Mueller then went on to explain the real reason he chose not to force Trump to submit to questioning: Subpoenaing Trump and fighting his likely inevitable challenge to a subpoena would’ve taken way too long.

“At the outset, after we took over the investigation and began it and pursued it, quite honestly, one of the things we anticipated wanting to accomplish was getting the interview of the president. We negotiated with him for a little over a year,” Mueller said.

“Finally, we were almost toward the end of our investigation and we’d had little success in pushing to get the interview of the president,” he continued. “We decided that we did not want to exercise the subpoena powers because of the necessity of expediting the end of the investigation.”

“If we did subpoena the president,” he concluded, “he would fight the subpoena and we would be in the midst of the investigation for a substantial period of time.”

Mueller’s answer mirrors what he wrote in his report released in April.

Still, hearing Mueller explain his decision — in person, in front of Congress, on live TV — was important.
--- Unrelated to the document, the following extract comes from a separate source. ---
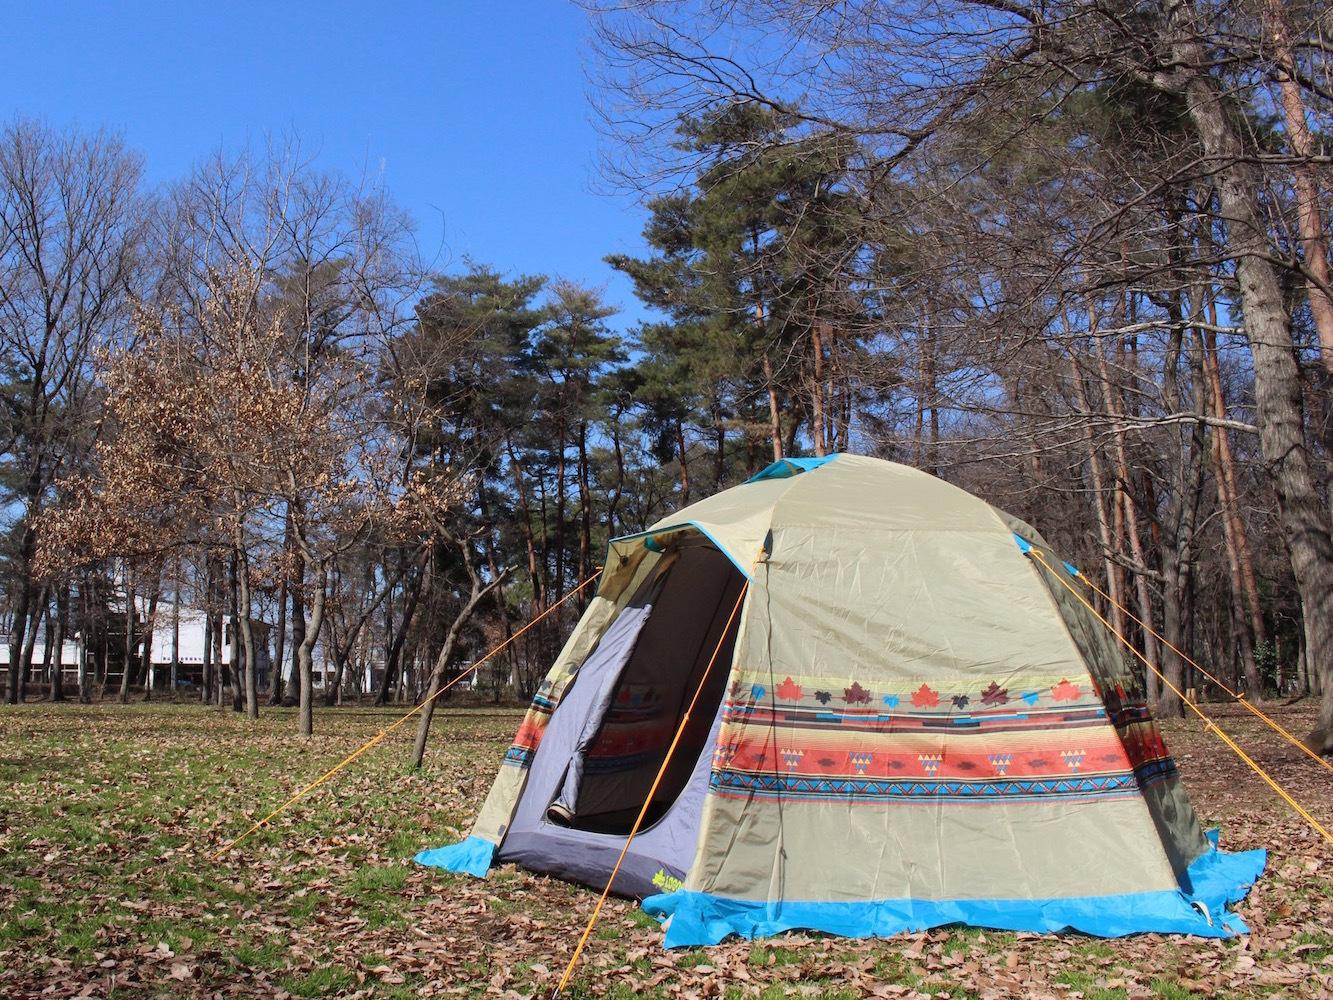 ロゴスの人気テント9種を建ててみた!初心者におすすめ理由がわかりました

Mueller’s decision not to force Trump to submit to an interview may be one of the special counsel’s most controversial moves.

Mueller acknowledged that Trump did respond to written questions the special counsel eventually ended up sending him, but conceded that the president’s responses were “certainly not as useful as the interview would be.”

Some may see it as a prudent choice, especially since Trump surely would have pushed back hard, potentially launching a legal fight that could drag on for weeks, months, or even years.

Others, though, will likely still believe that Mueller did indeed “flinch,” and that the president essentially succeeded in cowing the special counsel.